Threat actors are hiring freelance pentesters to improve the effectiveness of their ransomware attacks.
This is according to security vendor Cato Networks, whose research has found that malware networks are increasingly looking to employ the services of freelance security researchers to find new avenues for intrusion.
“Any good developer knows that software needs to be tested before deploying in production environments,” said Cato.
“This is also true for ransomware gangs. They want to ensure that their ransomware can be deployed successfully against organizations.”
The researchers combed darknet forums and underground boards to gather multiple instances of malware writers looking to recruit knowledgeable pentesters to try their malware payloads on multiple virtual systems and return the results.
The idea is that the red team professionals are able to clue the malware operators in on possible weak points in which they can break into networks and ultimately compromise corporate data for a ransomware extortion.
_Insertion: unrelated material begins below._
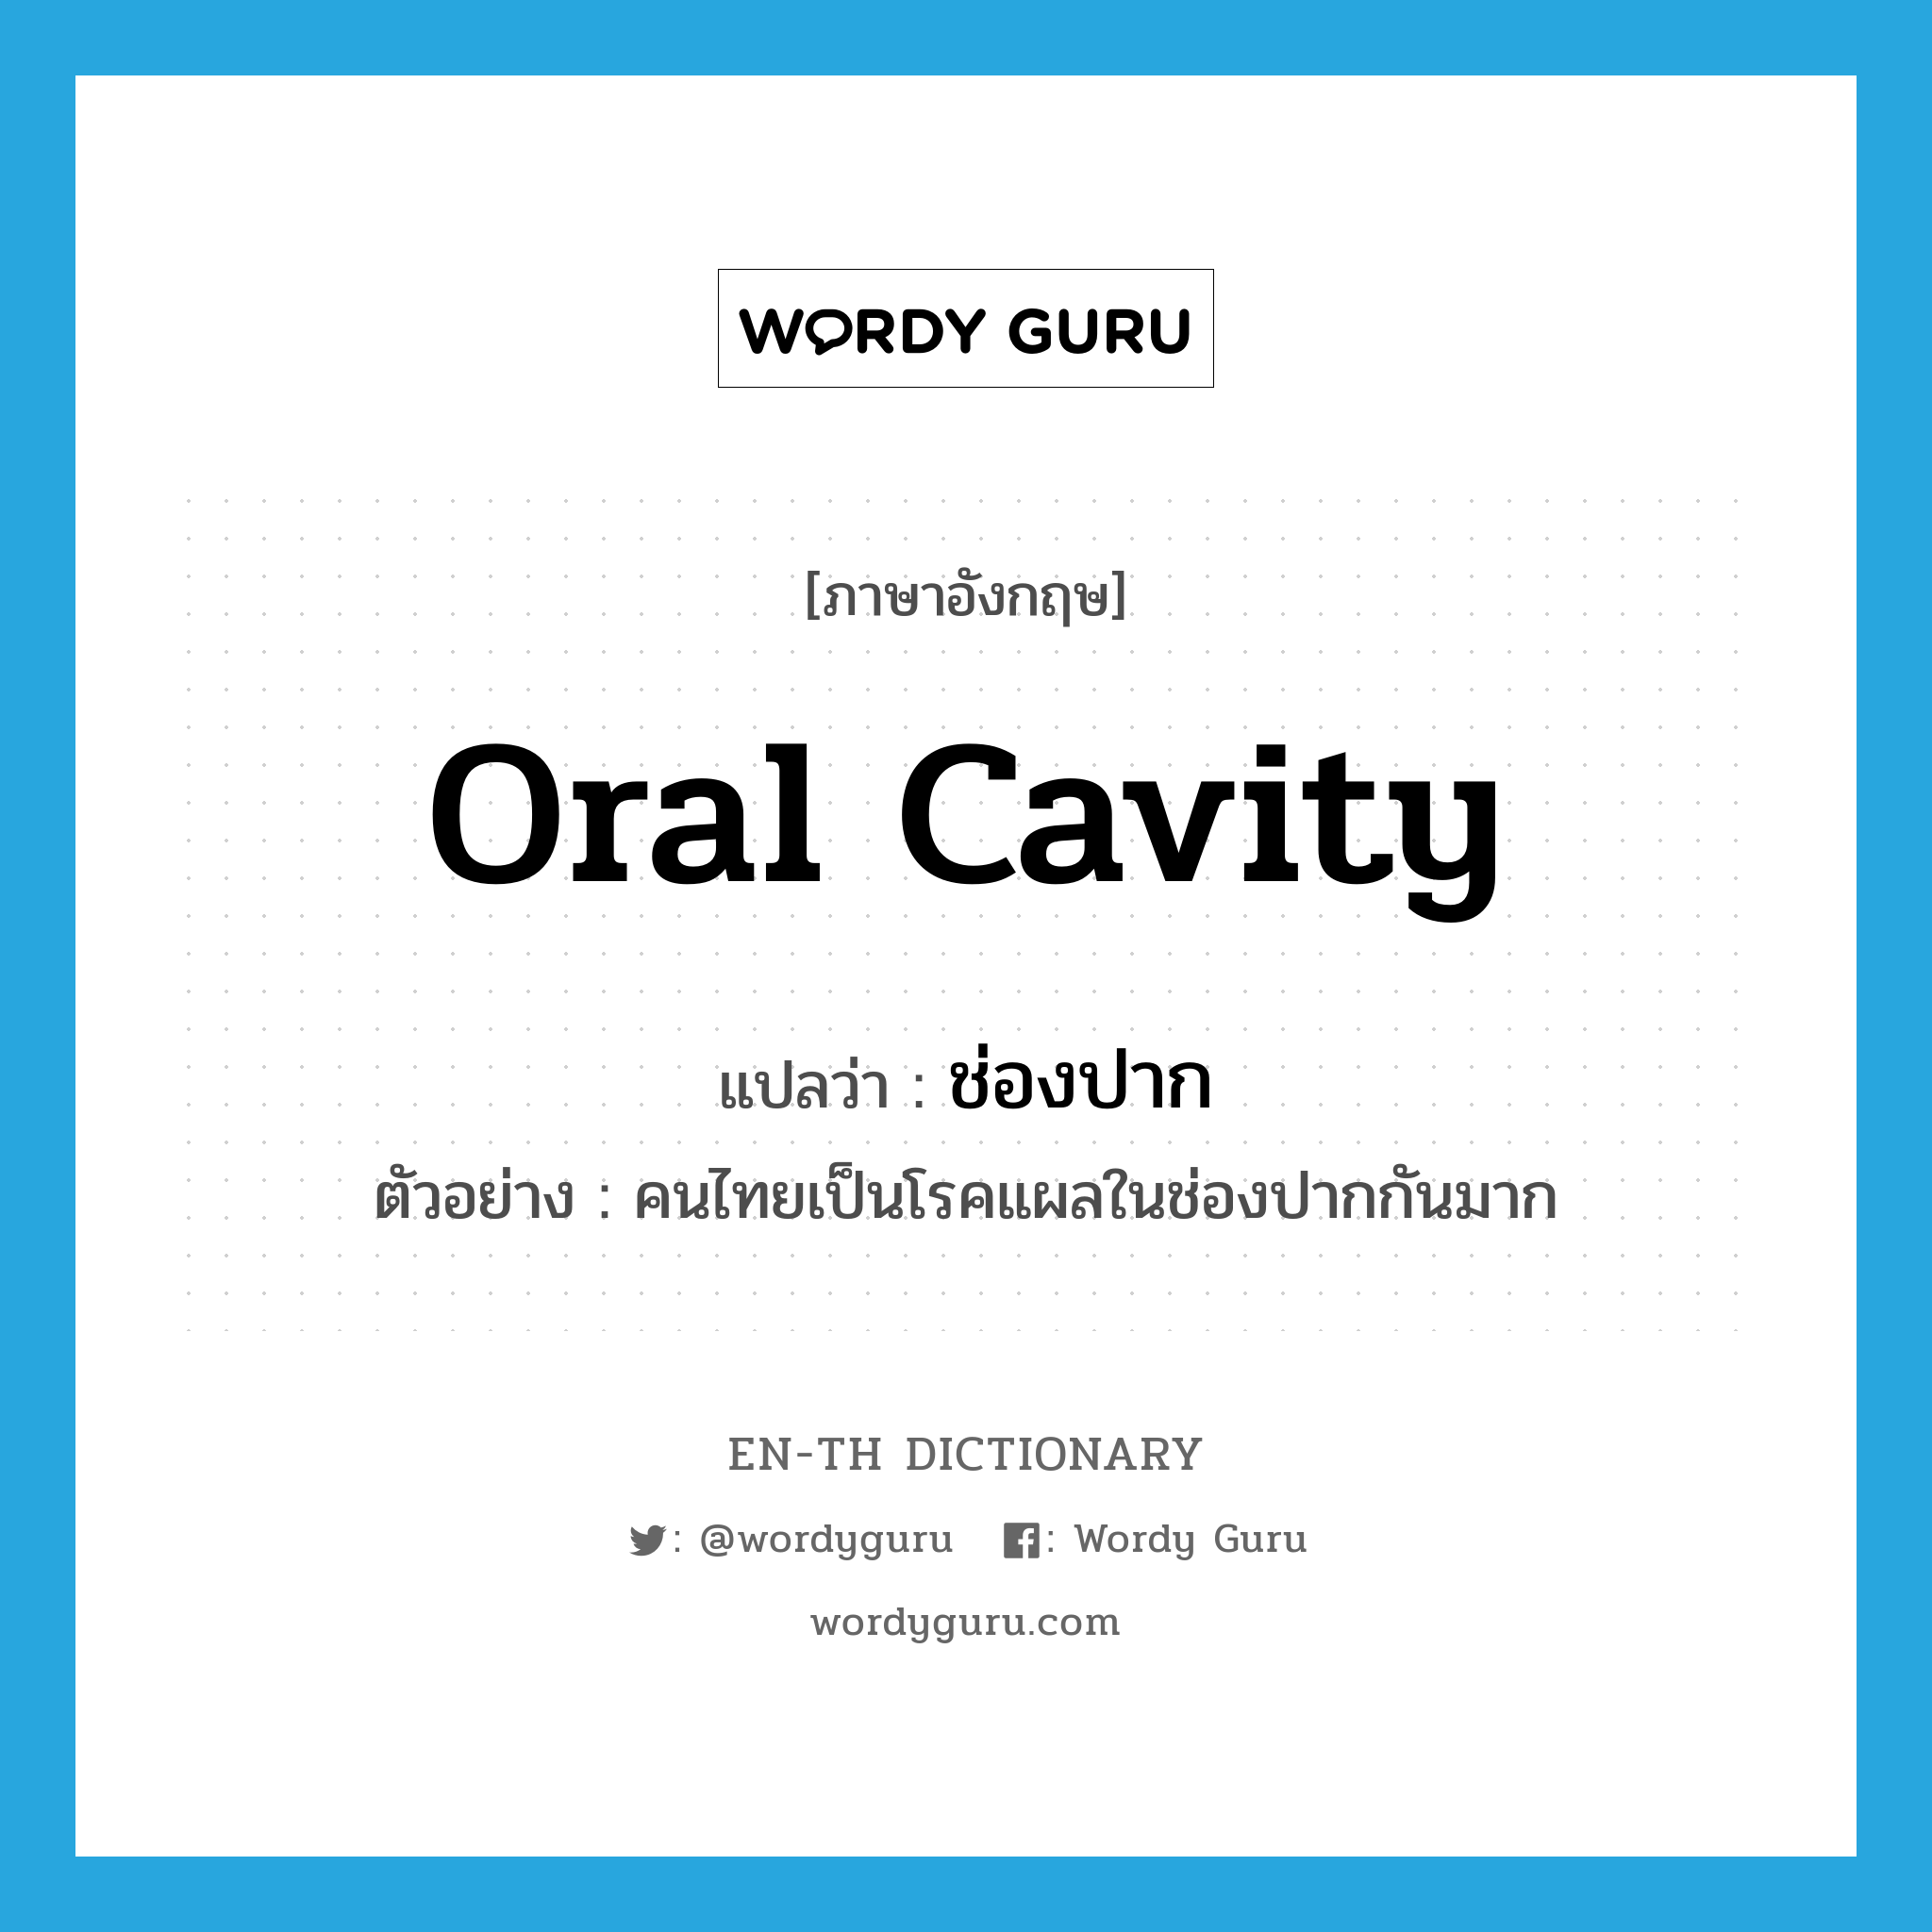 oral cavity แปลว่า?, คำศัพท์ภาษาอังกฤษ oral cavity แปลว่า ช่องปาก ประเภท N ตัวอย่าง คนไทยเป็นโรคแผลในช่องปากกันมาก หมวด N

According to the researchers, the malware is being offered as part of an affiliate program. In such cases, each affiliate is responsible for installing and carrying out the attack themselves, while the ransomware vendor operates as the backbone and takes a cut of the payout.
This sort of behavior is to be expected of malware distributors; any possible point of entry is key when it comes to cybercrime extortion.
That otherwise legitimate penetration testers would be recruited into such activity is, however, a major headache.
Organizations have only recently opened up to the idea of hiring freelance white hat hackers to expose their network vulnerabilities and, should criminal gangs offer a better price, many of those white hats will be awfully tempted to turn black.
This could result in attack techniques becoming harder to detect and the creation of a nightmare scenario in which new exploits are deployed before network defenders get the chance to analyze and counter the threats.
“Ransomware is continuously being developed with advanced encryption algorithms, and other techniques like multithreading and custom configurations,” said Cato.
“Early identification of these patterns through advanced threat detection, AI-driven anomaly monitoring and robust endpoint protection is critical to counteract evolving ransomware threats.”